In 2018, Evenko banned the use of plastic straws and encouraged the use of reusable bottles to reduce waste from single-use plastic bottles at its festivals. This year, a partnership with National Bank will provide water stations so concert-goers can refill their reusable water bottles for free.
And a giant National Bank water truck filled with 31,500 litres of water will be on site at the 14th Osheaga Music and Arts Festival (Aug. 2 to 4), for that use. Another new National Bank installation will allow festival goers to bring their single-use plastic bottles to be ground up on the spot and turned into recycled polyester for sustainable t-shirts.
The Heavy Montreal festival ran from July 27-28, the Ile Soniq festival is set for August 9-10, and the 77 Montreal event took place on July 26.
The goal at Evenko is to eliminate the mountains of plastic and other solid waste that piles up at festivals and requires removal to landfill sites. "We are proud that our eco-responsible efforts have yielded results that have so far surpassed our goals, and we will continue to push in all the right directions to ensure a sustainable and enjoyable experience for all at all of our festivals," Jacques Aubé, executive vice president and COO of Evenko, said in a statement.

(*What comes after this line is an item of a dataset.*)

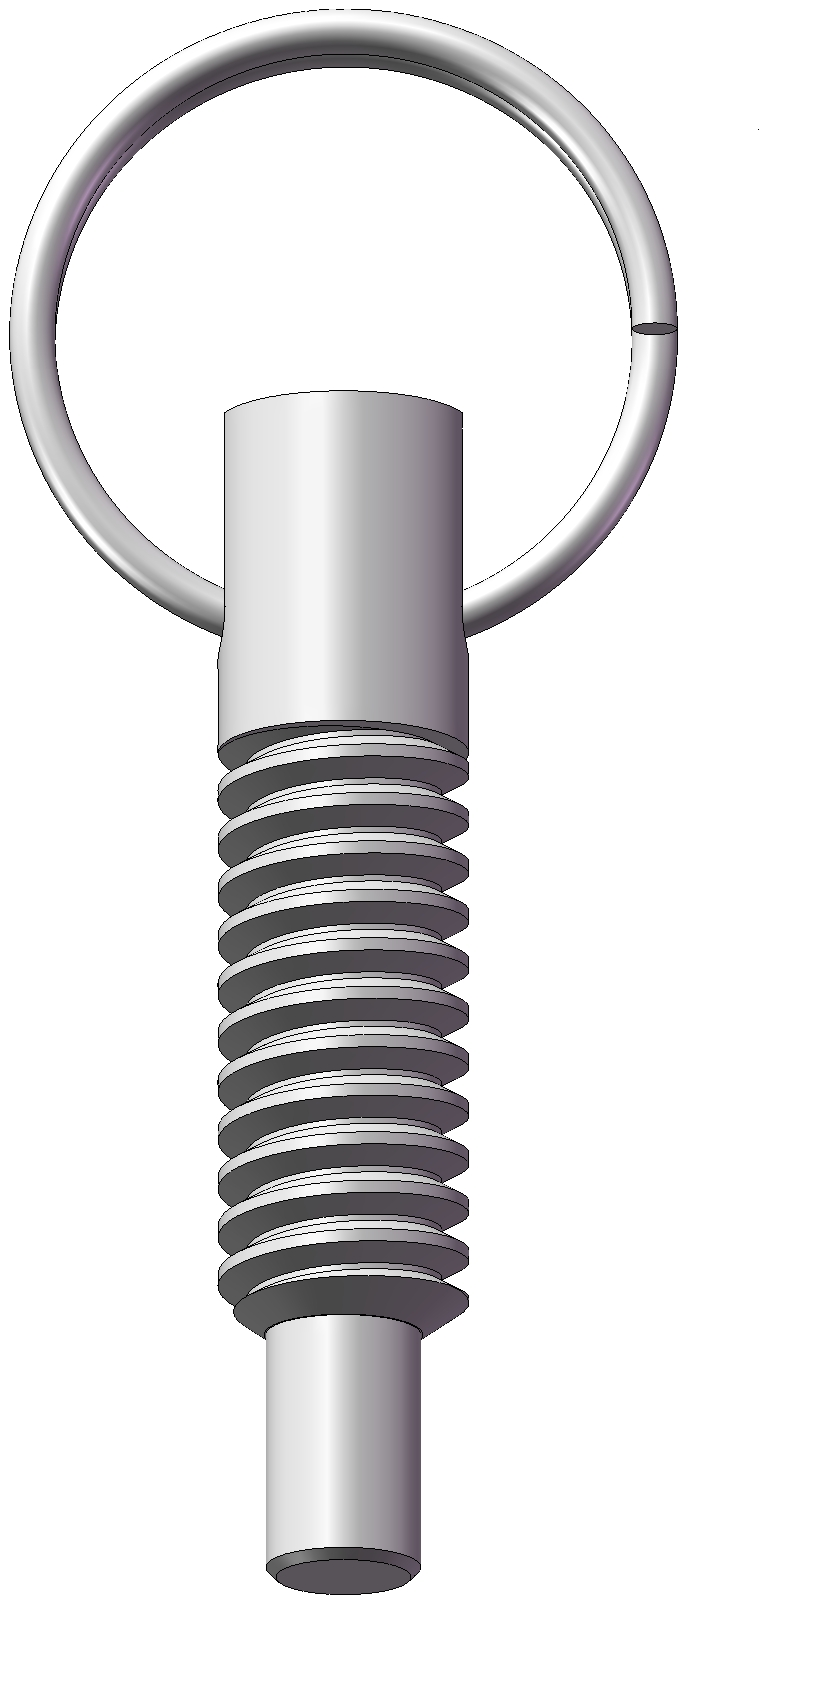 Steel Zinc Innovative Components AP1CSR21 Short Pull Ring Plunger Pin 5/8-11 x .38 Dia Pin

Encouraging environmental awareness is not the only aim of Evenko going green.
The municipal body that runs Parc Jean-Drapeau is weighing its options with the Osheaga festival as it develops its latest 10-year plan, and Evenko is concerned its presence in the park could be scaled back.
So Evenko has launched a petition to garner public support for its musical festivals and to ensure the Osheaga festival can remain in Parc Jean-Drapeau.
That's especially so if festivals sell food and drink to concert-goers in traditional, disposable plastic cups, bottles and food containers, in addition to plastic cutlery.
The battle against single-use plastics comes in the wake of media reports of a giant plastic garbage patch in the Pacific Ocean, where plastic from everyday waste breaks down into tiny particles that are eaten by fish and enter our food chain.
Environmentalists have also raised the alarm on plastic waste destined for recycling that iinstead is shipped to Asia, where it rots as part of mountains of waste materials.
While stopping short of following other music promoters like Live Nation and Glastonbury in the UK and considering an eventual ban on the use of single-use plastics, Evenko is taking additional measures to produce far less waste at its festivals.
Evenko now stipulates food kiosks at its festivals must supply entirely recycled containers, cups and utensils, and the use of styrofoam is forbidden.
The concert promoter's efforts at waste management also include a sorting centre installed on a festival site to encourage recycling and composting.
Evenko is also encouraging the use of "eco-cups" in all bar services, and all hazardous materials is to be removed by a company specialised in environmental services.
And to reduce the use of cars to reach Île Ste-Hélène in Parc Jean-Drapeau., bike rack facilities for fest-goers have been increased.
Elsewhere, special bus and metro weekend fares are in effect for Osheaga attendees looking to use public transportation.
Evenko going green also calls for giving priority to local partners and suppliers that have their own sustainability plans, offering vegan and vegetarian options at food.